Август не ответил, только хмуро на него глянул.
— Я хотел сказать, за вашими деньгами. За миллионом. Тогда имеет смысл вас ограбить.
Август покачал головой…
Нет, где уж там миллион, никаких денег для него у судьи не было. Важное уведомление оказалось письмом от Поулине из Поллена, которая не собиралась отдавать некую сберегательную книжку, так Августу и скажите! Во-первых, какое он имеет отношение к этим деньгам, раз он передал ей, Поулине, права на все, что оставил в Поллене, включая возможный выигрыш в лотерею. Документ подписан двумя свидетелями. Во-вторых, Август мог бы и сам приехать за деньгами в Поллен, ведь где гарантия, что он — тот самый, за кого себя выдает?
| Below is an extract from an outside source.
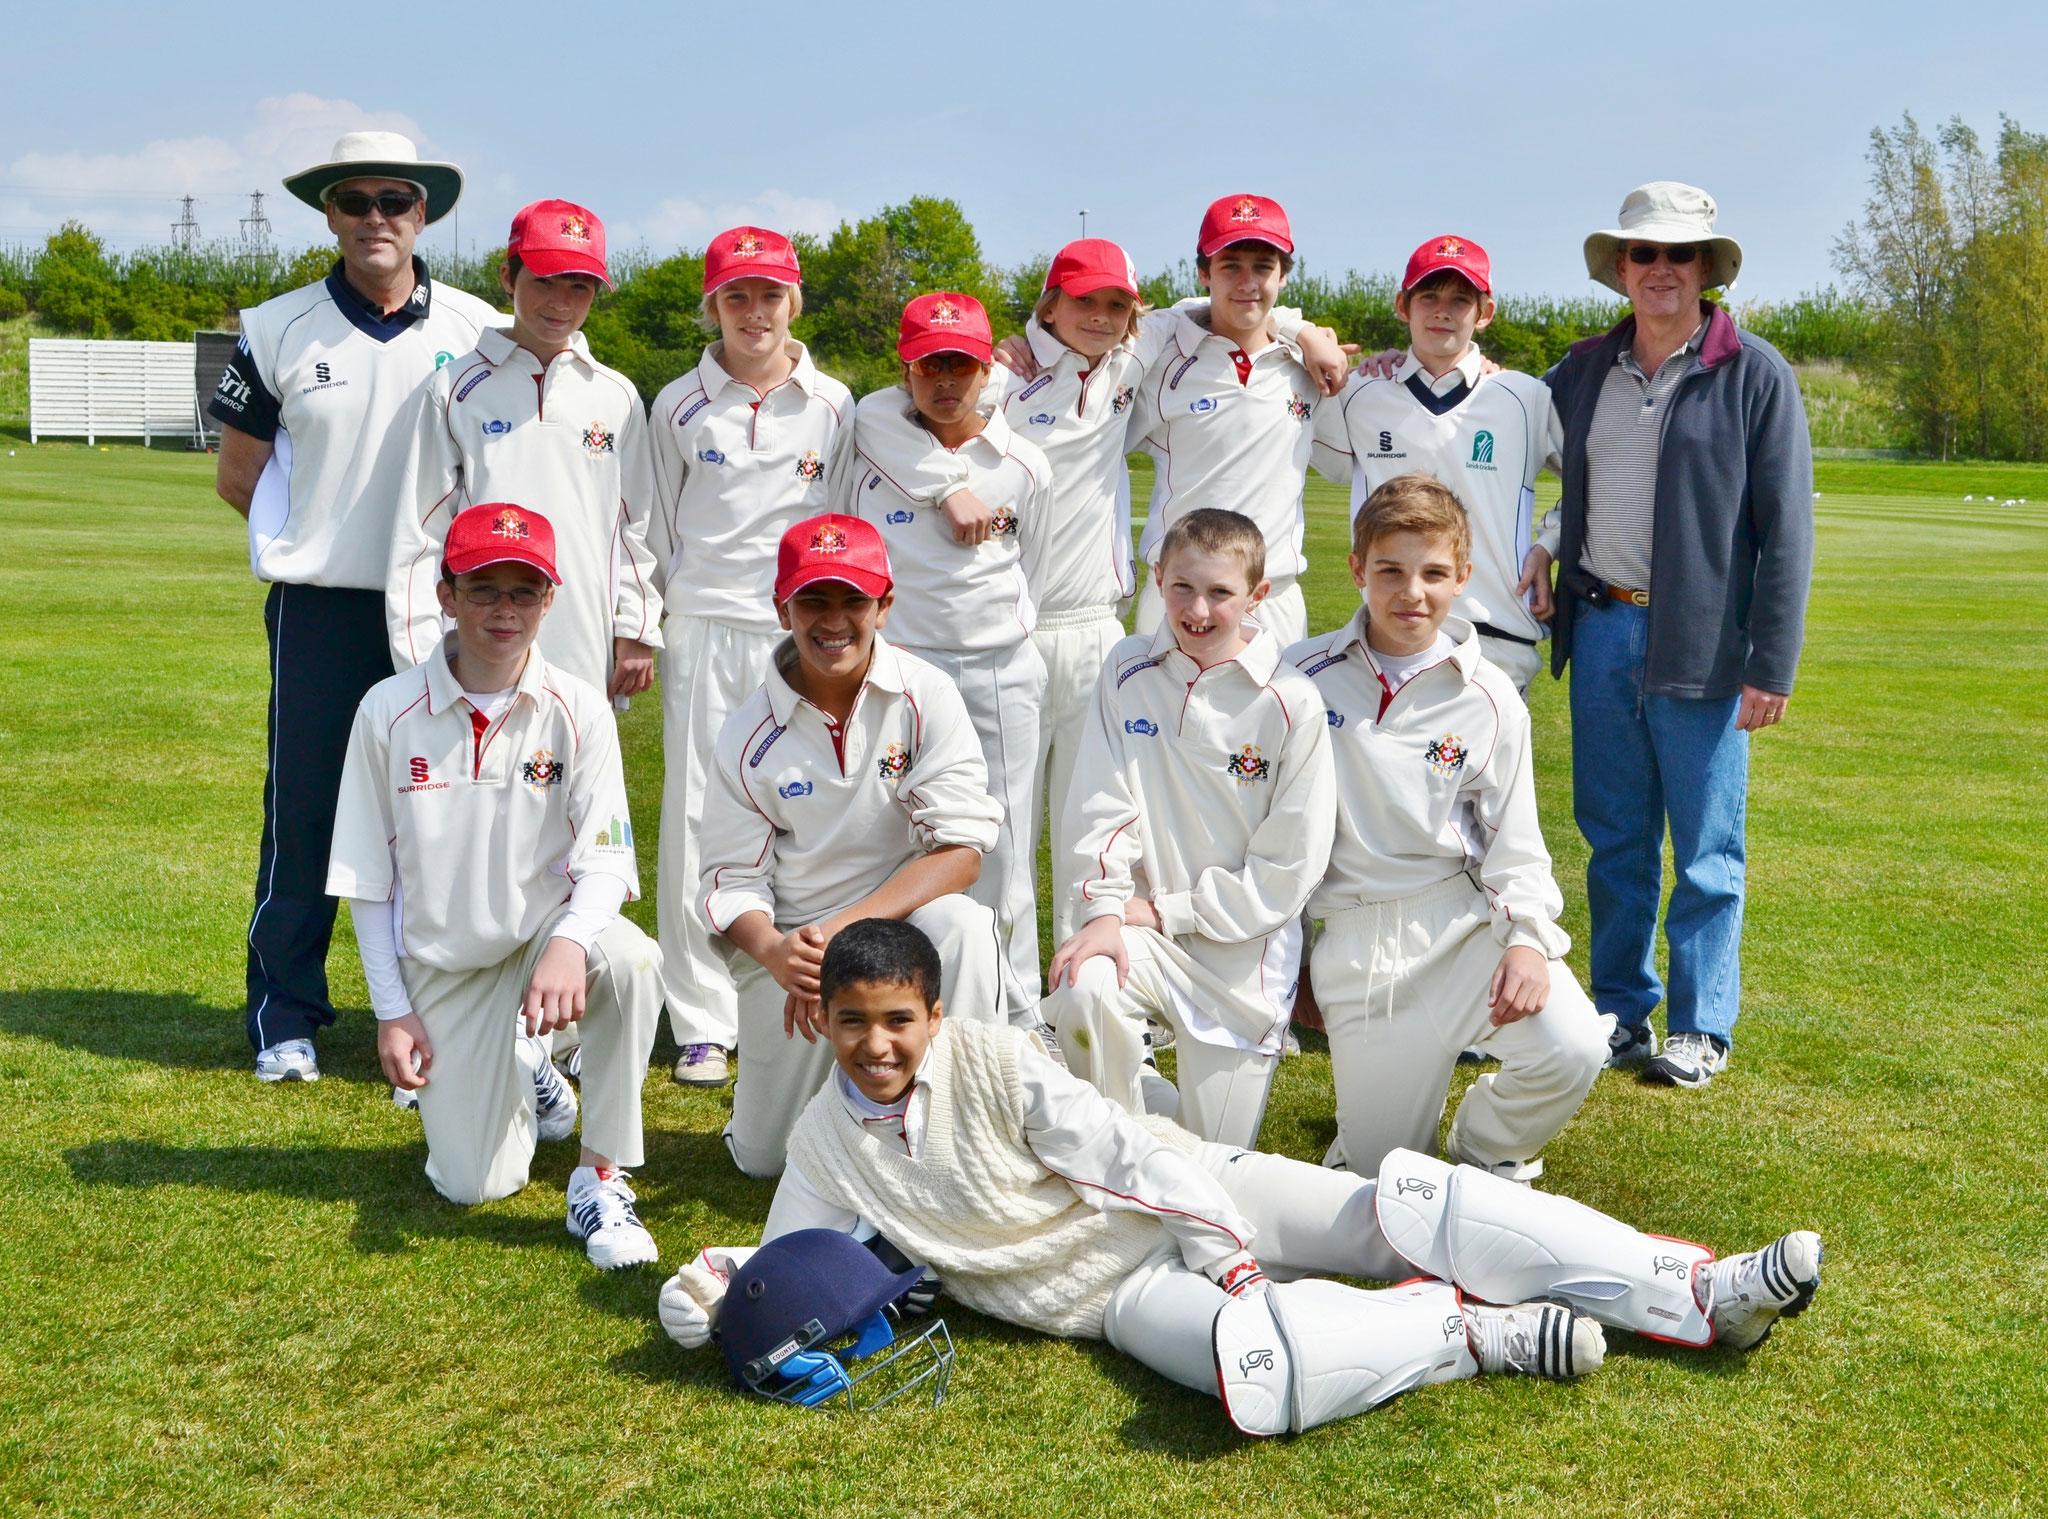 Swiss Under 13s in Denmark 2012

Чертова Поулине, она все такая же, толковая, острая на язык и честная до невозможности. Он будто видел ее перед собой, уже постаревшую, на шее белоснежный воротничок, кольцо с жемчугом.
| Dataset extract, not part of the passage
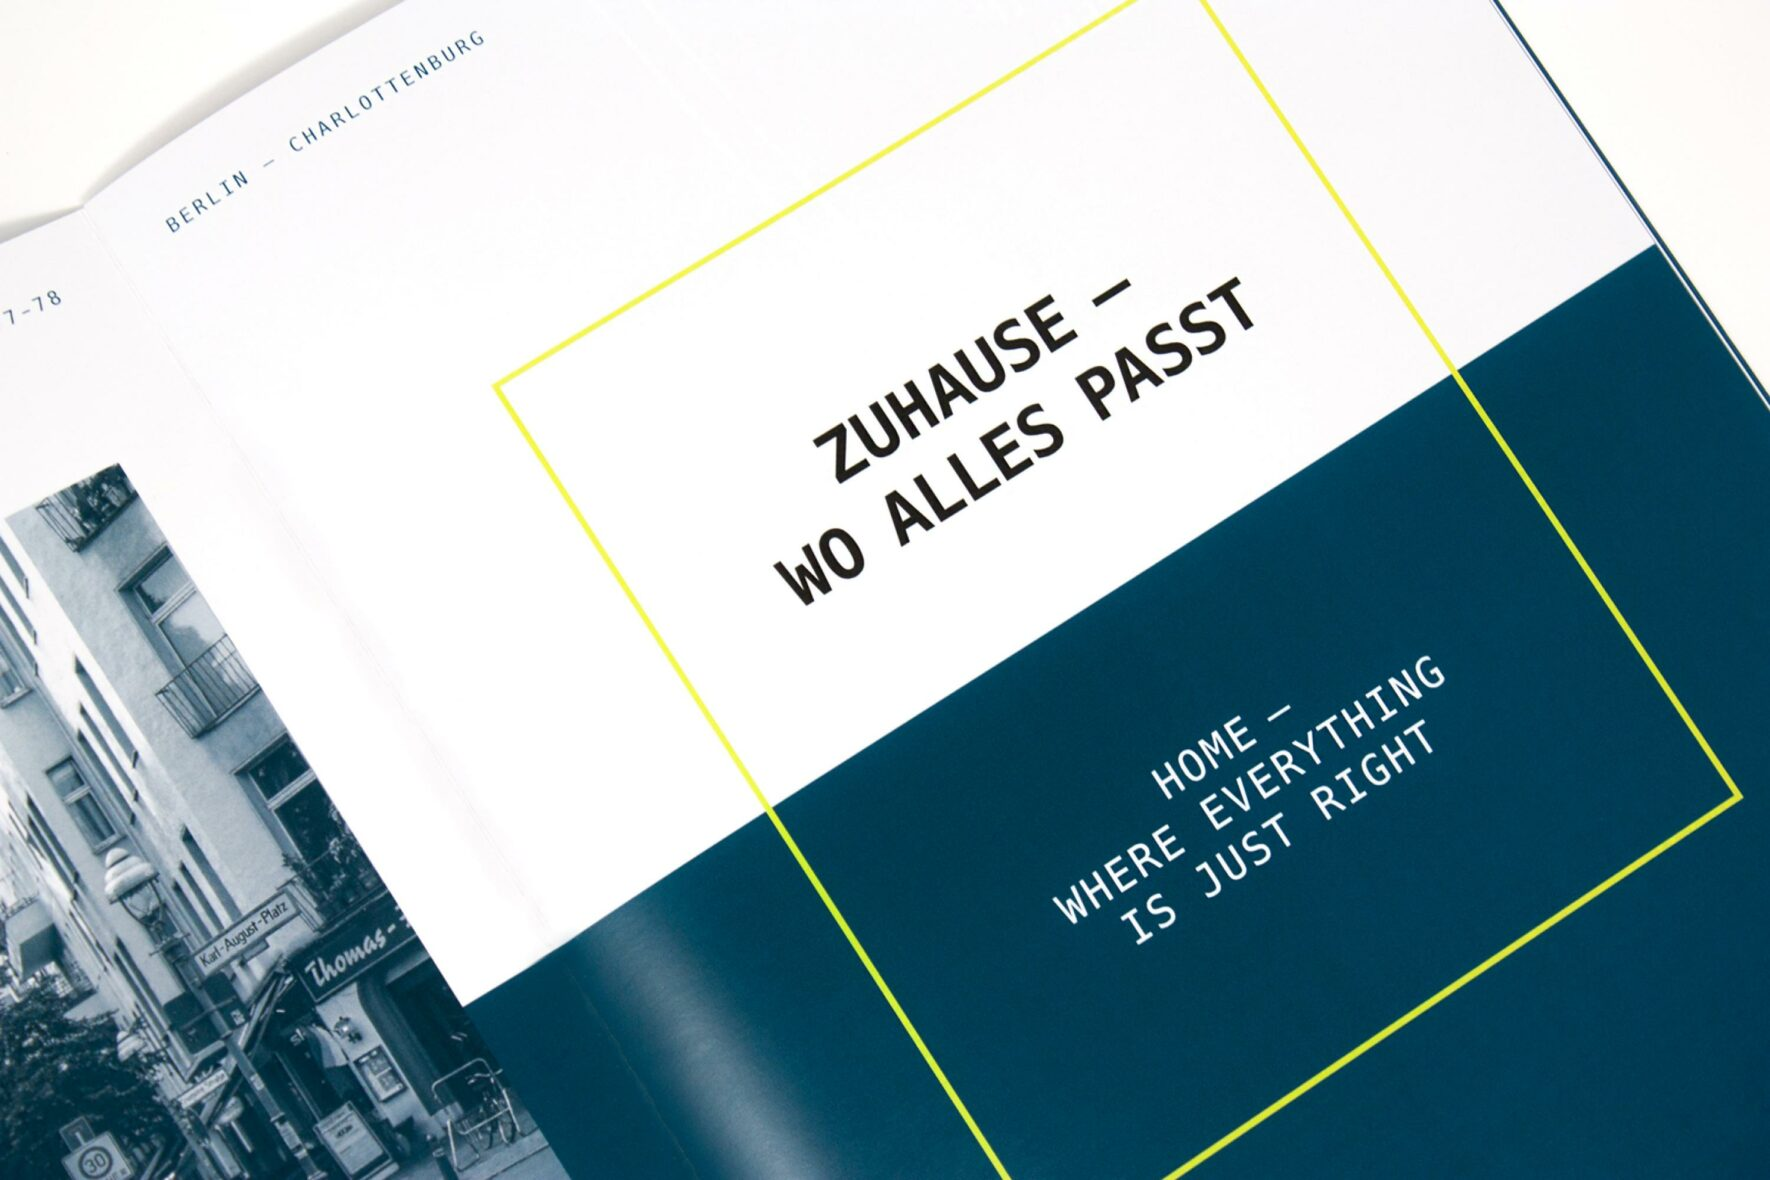 Broschuere-Leibniz-Immobilienbranding-Trendcity-FORMLOS-berlin-Print39

Судье очень хотелось помочь Августу, а как же иначе, он был доброжелательный и отзывчивый человек (кстати, несколько лет спустя он погиб на Сенье от шальной пули).
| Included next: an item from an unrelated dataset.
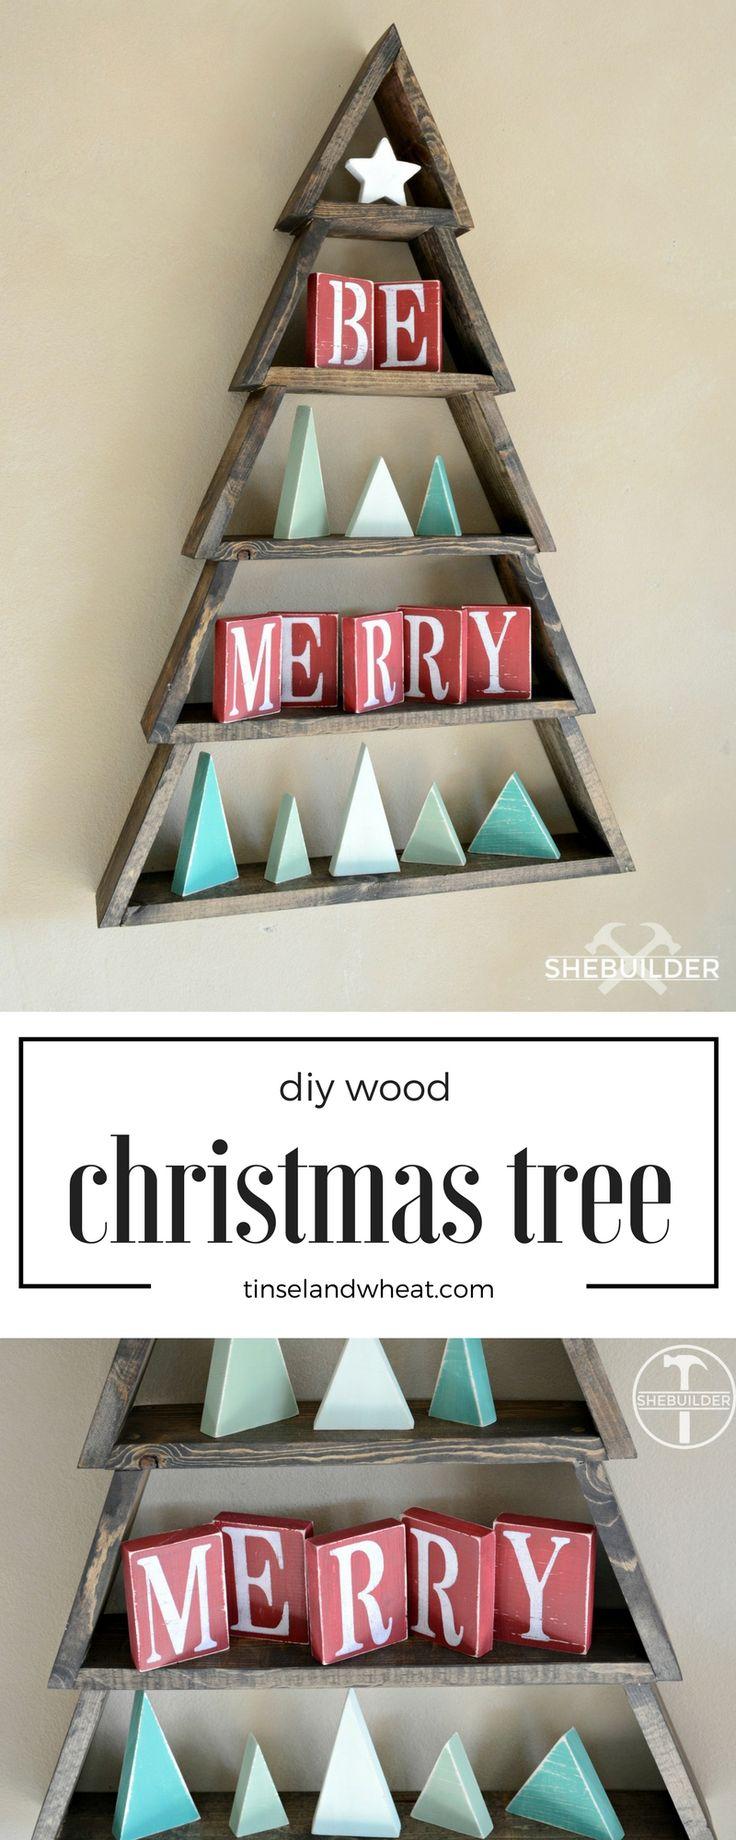 Wooden craft christmas trees - Diy Wood Christmas Tree

— Стало быть, с деньгами в Поллене вышло недоразумение? Они завещаны другому лицу?
— Да, — ответил Август. Только это ничего не значит, он знает Поулине, ей от него не нужно ни одного эре, это она просто так говорит.
Тогда Август сам отправится за деньгами?
Нет. Помимо всего прочего, он не может бросить начатые работы у консула, в особенности прокладку дороги. Под ним же столько народу.
Но он мог бы удостоверить свою личность при помощи документов, чтобы эта дама, Поулине, успокоилась на его счет, так ведь?
— Час от часу не легче.
Что, у него никаких документов?
— Никаких.
Ну а доктор Лунд с женой? Они же знали Августа в его бытность в Поллене.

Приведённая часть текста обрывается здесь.